Desde el punto de vista jurídico, el grupo Lombard era una sociedad comanditaria accionarial, pero la empresa madre —Lombard Entreprises— era un
holding
.

Las cuatro principales filiales del grupo eran Lombard Media (libros, prensa, distribución, audiovisual), Lombard Group (venta de material deportivo, ropa, viajes y productos de lujo; cuarto comerciante mundial del sector del lujo), Lombard Químicos (farmacia, química) y AII, especializada en la industria aeronáutica, espacial y de defensa (AII era el acrónimo de aeronáutica, ingeniería e investigación). El grupo Lombard poseía el quince por ciento de AII a través de su empresa madre, Lombard Entreprises.
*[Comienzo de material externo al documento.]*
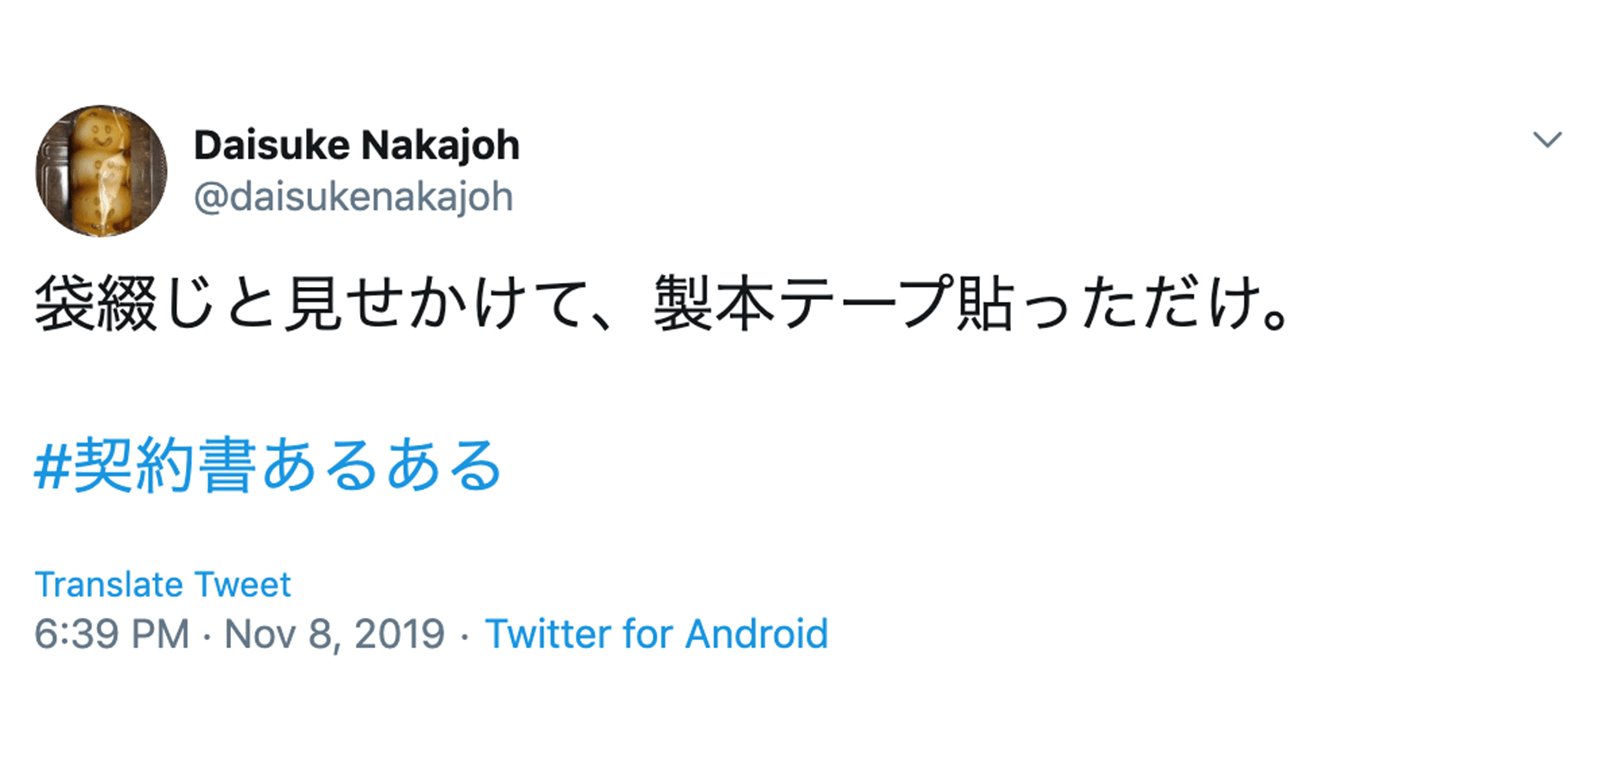 https://twitter.com/daisukenakajoh/status/1192738500342247424

El propio Éric Lombard era director financiero y director general de Lombard SCA, director general de Lombard Group y de Lombard Química y presidente del directorio de AII. Licenciado por una escuela de comercio francesa y por la London School of Economics, había iniciado su carrera trabajando en una de las filiales del Lombard Group, un fabricante de material deportivo muy conocido.

El grupo contaba con un efectivo de más de 78.000 personas repartidas en casi setenta y cinco países y había arrojado un volumen de negocios de 17.928 millones de euros para un resultado de explotación de 1.537 millones y un resultado neto de la parte del grupo de 677 millones, en tanto que sus deudas financieras se elevaban a 3.458. Aquellas cifras habrían causado vértigo a cualquier individuo normal, aunque probablemente no tanto a los especialistas en economía internacional. Al descubrirlas, Servaz comprendió que el hecho de que el grupo hubiera conservado la pequeña y vetusta central hidroeléctrica tenía que obedecer sin duda a razones de orden histórico y sentimental. Era allí, en los Pirineos, donde había nacido el imperio Lombard.